PFN Boosts Web Agent Performance via Knowledge and Retries
- •Preferred Networks achieves SOTA on WorkArena Level 2 using a GPT-5-based Web Agent.
- •Novel method summarizes 'Web knowledge' from past logs to prevent common browser operation errors.
- •Retry strategy detects loops and switches models, improving baseline performance by 11.5%.
Preferred Networks (PFN) has unveiled a new method to dramatically enhance the performance of "Web agents"—AI designed to autonomously navigate browsers and execute complex business tasks.
During a summer internship project, the research team analyzed agent behavior using GPT-5-mini on the WorkArena benchmark, which simulates difficult operations in enterprise applications like ServiceNow.

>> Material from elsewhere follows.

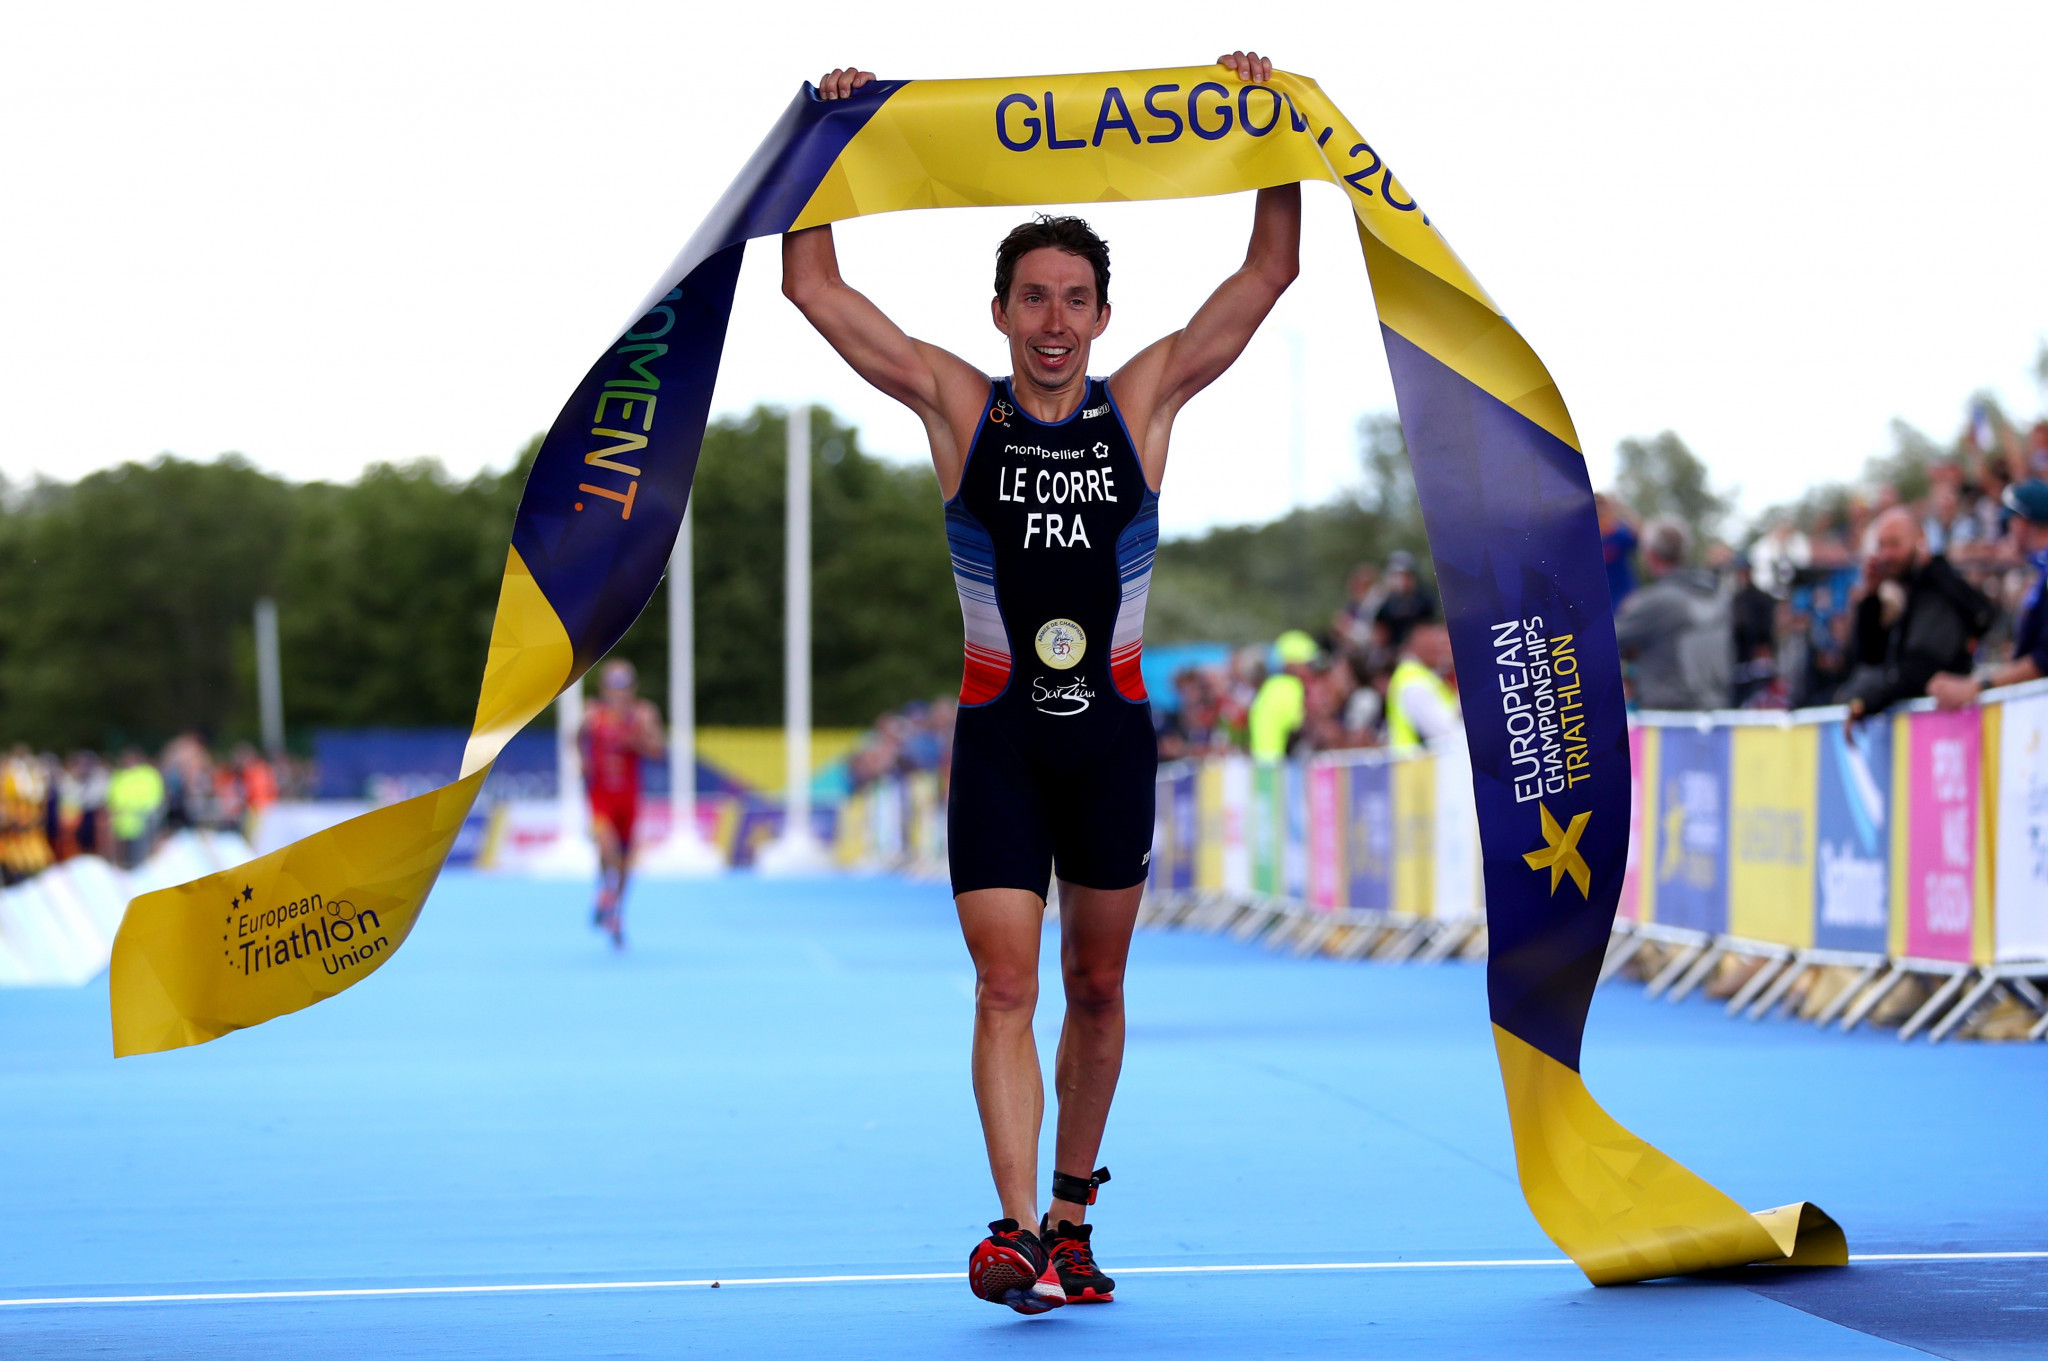 Over in Glasgow, France's Pierre Le Corre came out on top in the men's triathlon ©Getty Images

Their findings show significant accuracy improvements and a new State-of-the-Art (SOTA) record in tasks requiring complex conditional branching, which previously stumped traditional models.
Web agents often struggle with "operational errors," such as misinterpreting the function of a button, or "infinite loops" where the agent repeats the same action indefinitely.
To combat this, the study introduces "Web knowledge accumulation," a technique that abstracts insights from past success and failure logs.
By summarizing specific UI interactions into triplets of "Intent," "Correct Action (OK)," and "Incorrect Action (NG)," the system provides auxiliary guidance during the agent’s inference phase.
This allows the agent to treat past experiences as a universal manual, enabling confident navigation even on unfamiliar web pages.
The system's robustness is further bolstered by an innovative "retry strategy."
When the agent detects a loop or a "false completion"—where it claims to be finished despite the task being incomplete—the system rewinds the history by several steps.
It then temporarily swaps the base model for a different one, such as Claude-3.7-Sonnet, to re-attempt the step.
By bringing in a "guest model" with different reasoning tendencies, the agent can break through logical dead ends that a single model could not overcome.
This approach marks a significant evolution of AI agents from simple instruction-followers to autonomous partners capable of self-correction.